Question

prove that sin(-420).cos(390) + cos(-660).sin(330) = -1 help plz ... my RHS is coming +1 ... totally confused .. help plz.. as soon as possible !!

Answer 1

sin(-420).cos(390) + cos(-660).sin(330) 
-sin(420).cos(390) + cos(660).sin(330)
-sin(360+60).cos(360+30) + cos(2.360 - 60).sin(360-30)
-sin(60). cos(30) - cos(60).sin(30)
-3/4 -1/4
-1

Answer 2

Answer:

We can prove this question using trigonometric formula.To prove that given question we should consider left hand side first.Then we can get the right hand side.

Step-by-step explanation:

From the given question,

Take L.H.S(Left Hand Side) ⇒ $sin(-420\textdegree).cos(390\textdegree) + cos(-660\textdegree).sin(330\textdegree)$

Step 1: First we should know the formula for $sin(-\theta)$ and $cos(-\theta)$.

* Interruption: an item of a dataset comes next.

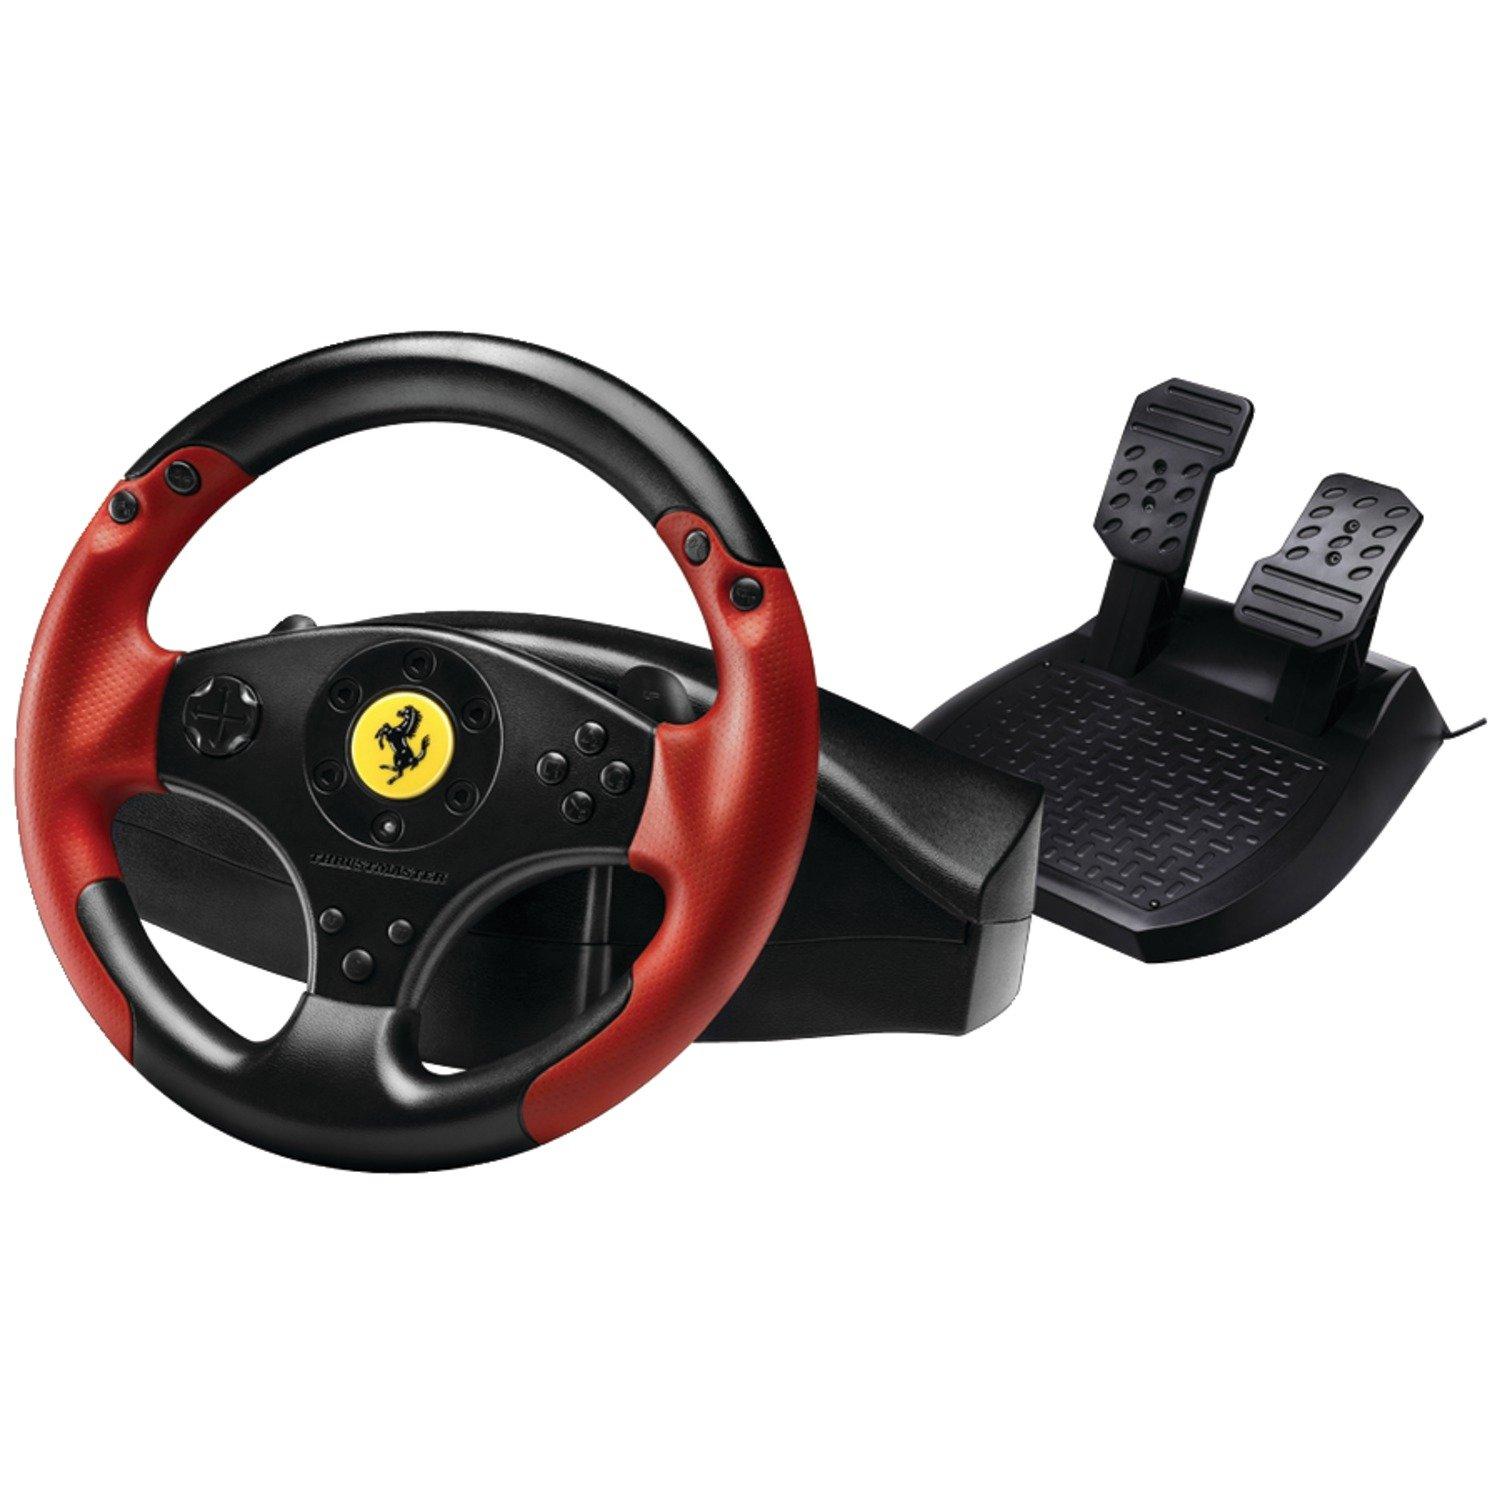 Playstation 3 Red Legend Edition Ferrari Racing Wheel Playstation 3 Gamestop

              $sin(-\theta)=-sin\theta$

              $cos(-\theta)=cos\theta$

Step 2: Now apply the above formula in the given question.

                 L.H.S $=sin(-420\textdegree).cos(390\textdegree) + cos(-660\textdegree).sin(330\textdegree)$

• $sin(-420\textdegree)$ should be written as, $sin(-420 \textdegree)=-sin(420\textdegree)$
• $cos(-660\textdegree)$ should be written as, $cos(-660 \textdegree)=cos(660\textdegree)$

                  L.H.S $=[-sin(420\textdegree)].cos(390\textdegree) + cos(660\textdegree).sin(330\textdegree)$ --------(1)

Step 3: We know the value of $0\textdegree,30\textdegree,60\textdegree,90\textdegree,180\textdegree,360\textdegree$ only.So that our given theta value should convert into the $0\textdegree,30\textdegree,60\textdegree,90\textdegree,180\textdegree,360\textdegree$.

That is,       $420\textdegree=360\textdegree+60\textdegree$

                  $390\textdegree=360\textdegree+30\textdegree$

                  $660\textdegree=(2\times360\textdegree)-60\textdegree$

                  $330\textdegree=360\textdegree-30\textdegree$

Step 4: Now apply the above values in equation(1).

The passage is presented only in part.